More fake meat coming to market. Cargill, the largest privately held corporation in the United States, is entering the market for plant-based meat to take on Beyond Meat and Impossible Foods. Cargill's private label plant-based patties and ground products will hit shelves and restaurants in April. "We've created some of the best tasting products available in the plant-based category today," said Elizabeth Gutschenritter, managing director of Cargill's alternative protein team. "We've combined our deep knowledge of plant proteins with our expertise in R&D, product development and production to deliver products consumers will love."

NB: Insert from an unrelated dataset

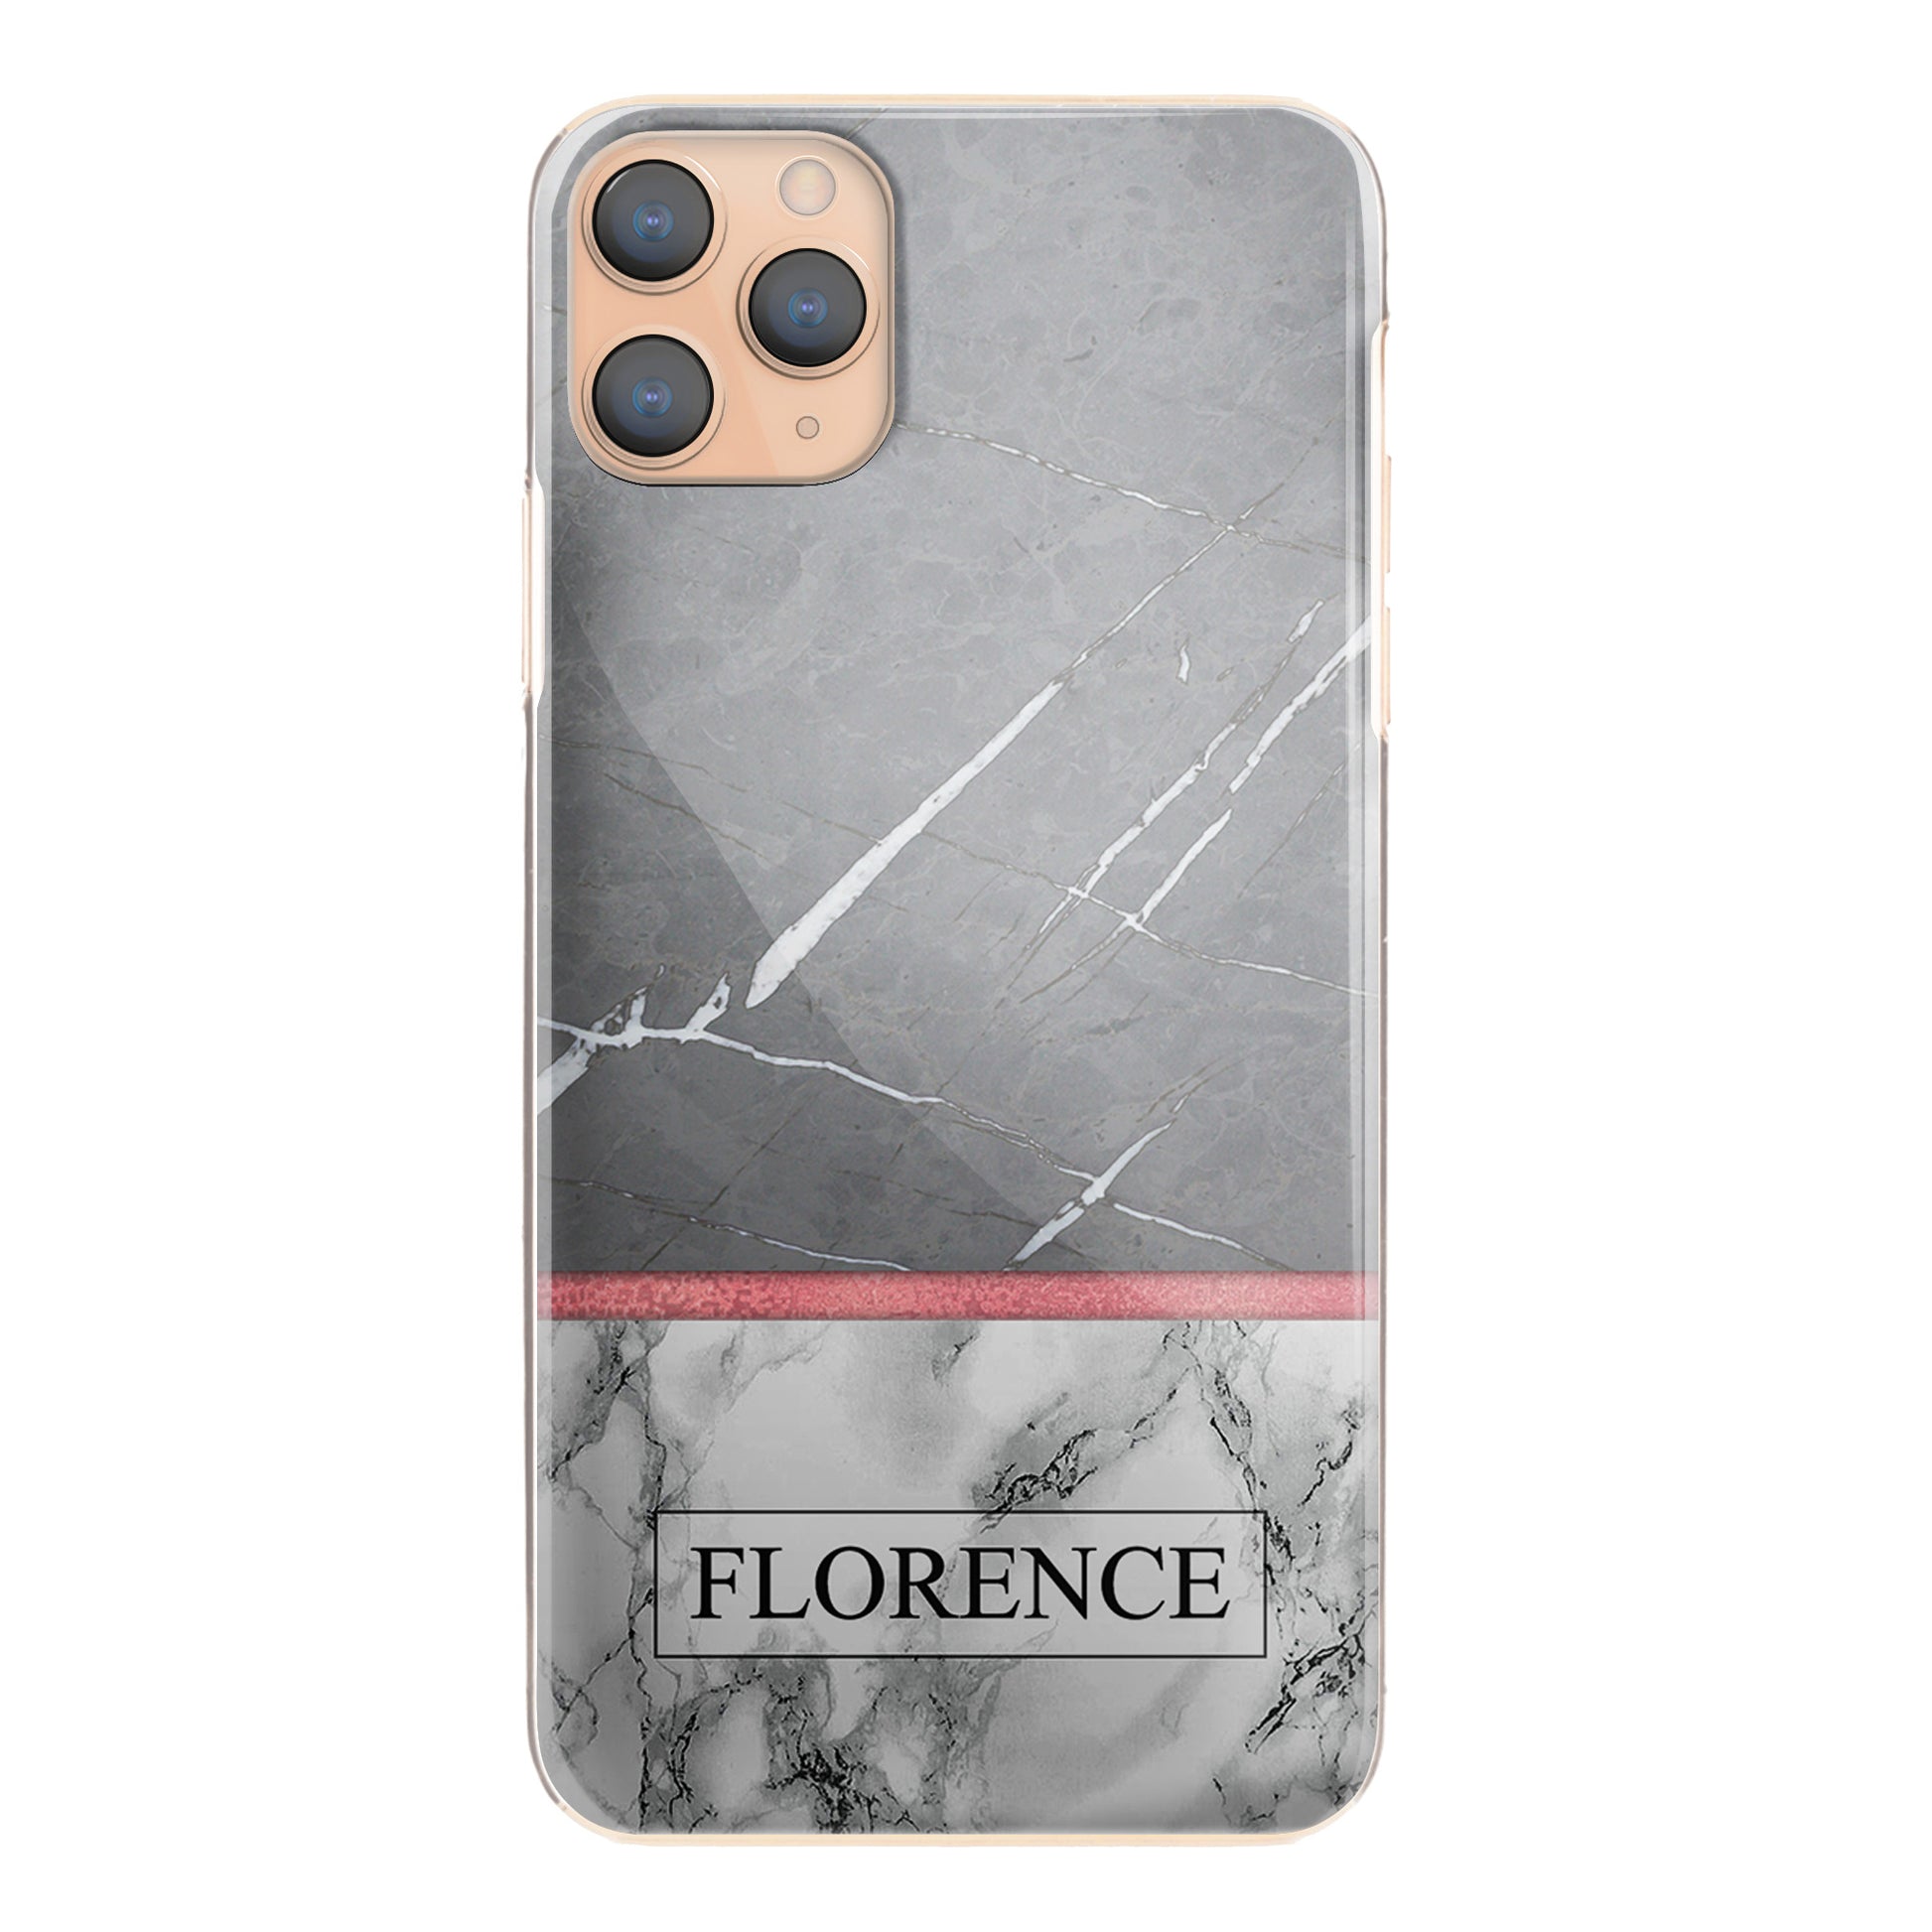 Personalised HTC Phone Hard Case with Classy Text on Stylish Dual Marble

At least they'll pay you. User data has become so vital to Facebook that the company is now willing to pay people for it. Through their new market research app, Viewpoints, Facebook will pay users to upload a recording of their voice to train their speech recognition system. A user can earn $5 by logging into the app, saying "Hey Portal" and saying the name of ten friends five times. "Participants record phrases within the app, which helps us improve name pronunciation recognition in our products to better serve the people that use them," said a Facebook spokesperson.
Libra has a new partner. Facebook's cryptocurrency project Libra, which lost backers such as Visa, Mastercard and PayPal last year, announced Shopify is joining the Libra Association. As part of the membership, Shopify will contribute $10 million and operate a node that processes transactions for the Libra cryptocurrency. "As a member of the Libra Association, we will work collectively to build a payment network that makes money easier to access and supports merchants and consumers everywhere," Shopify said.